Even getting out of bed is a comedy of errors. Once up, I do about 20 minutes of stretching, enough to help me remain upright, followed by a half hour on the bike or treadmill.

You long-time readers will recognize a significant decrease in the amount of exercise; almost cut in half.

There are reasons for this dilution.

1. I hurt my shoulder in boxing and I had to cut out weights and take it very easy while jabbing.
2. I had to stop walking, with or without poles, due to balance issues
3. I liked not being able to exercise. You see, I am bit OC and had I tried to keep up the usual routine, I eventually would have burned out and quit altogther
4. I am a young 72, but not that young! I feel 25 but, unfortunately, the time-tide rules. The past as a percentage of your life grows while the future gets smaller and smaller until it disappears. I am not 25 and my future is destined to bring me down, every muscle weakened by its passage. I am weaker now than last year!
5. What do you expect? I have the shaking palsy!

But, while I sound depressed, I am not. My symptoms are far less onerous compared to what they should be entering my 9th year since diagnosis.

Time, like the fog*, comes on little cat feet and is quietly and quickly passing us by.

Time is really just the passage of events and PWP should make their events positive and memorable.

Lesson learned. Positive thinking and a little exercise is what keeps me going but I may face a future event that will test me and my principles greatly. You will know if it happens.

Stay tuned.

*Carl Sandberg, "Fog"

please help me, I'm falling'

I flew to Toronto and back and on both flights I was twitchy inside and I must have been outside as well. How do I know? I know because someone offered to help me each way. I accepted with thanks.

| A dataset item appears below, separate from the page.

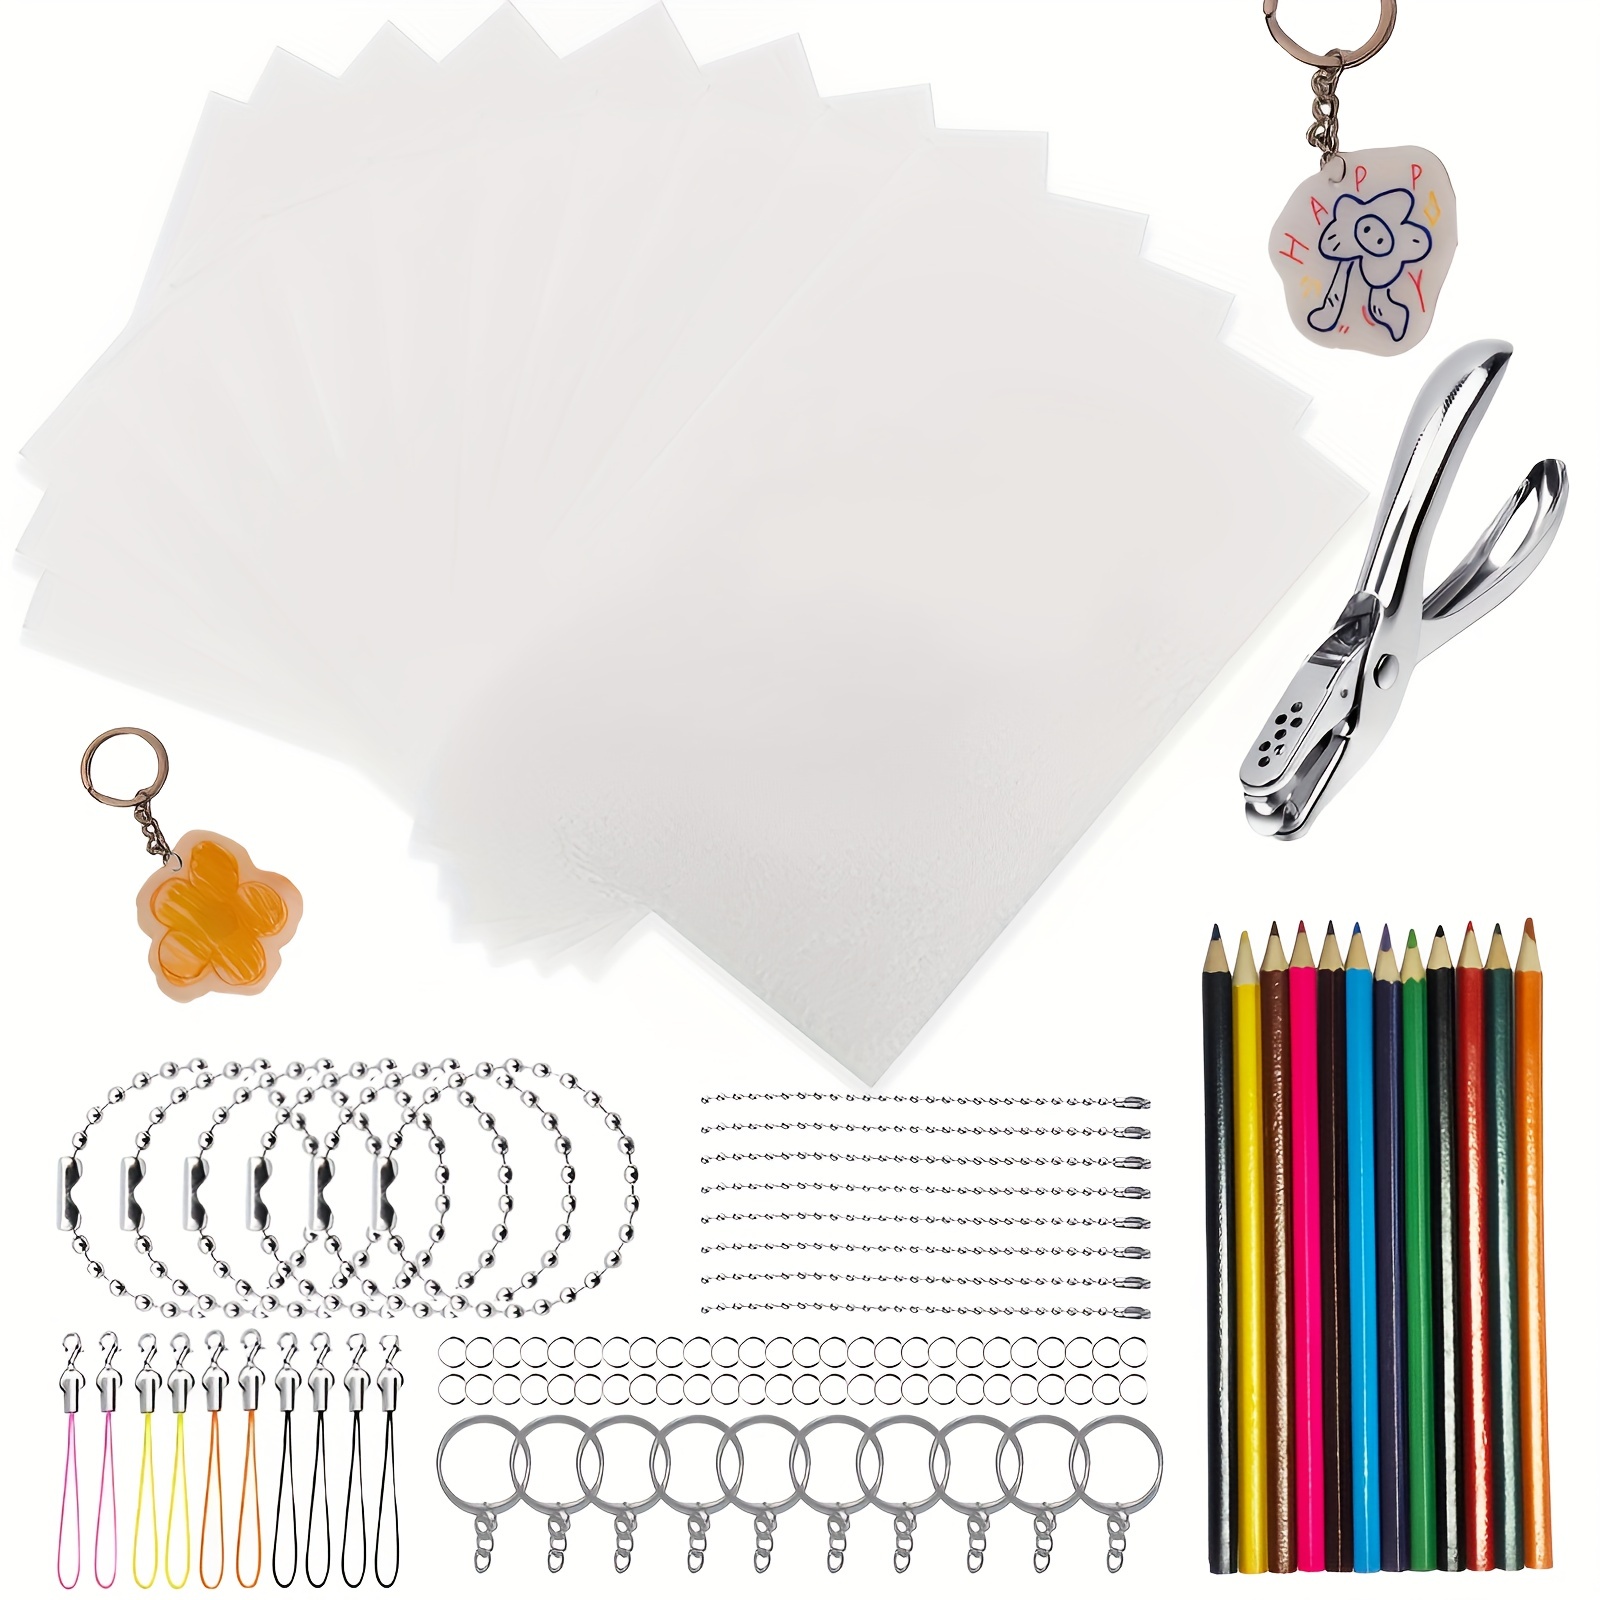 Shrink Plastic Sheet Kit for Shrinky Dink, 175 Pcs Heat Shrinky

I feel unbalanced and slow and it must show. I find that humans will go out of their way to lend a hand to the weak, helping lift a bag into a shuttle bus, helping to lift a bag into the overhead and offering their seat to the obviously tired and aging man.

I am frequently off balance. No falls yet, touch wood; but, I must take special care when using stairs (up & down). A handrail is an absolute necessity.

I had a vivid dream last night, I was speedskating on the 400m track. I was on the back 200 and I could feel my speed. The wind on my face was cold and real and the sound of the skate blades cutting the ice provided the music for the night. I awoke disappointed.

I have now seen 2 videos wherein a person exhibiting the worst symptoms of PD has seen those symptoms disappear when

1. riding a bike
   
2. skating
   
3. dancing.

These can't be coincidences. There must be an answer to the question "why?" The dragons in the fairytales can be beaten and so can PD. It is only a matter of time.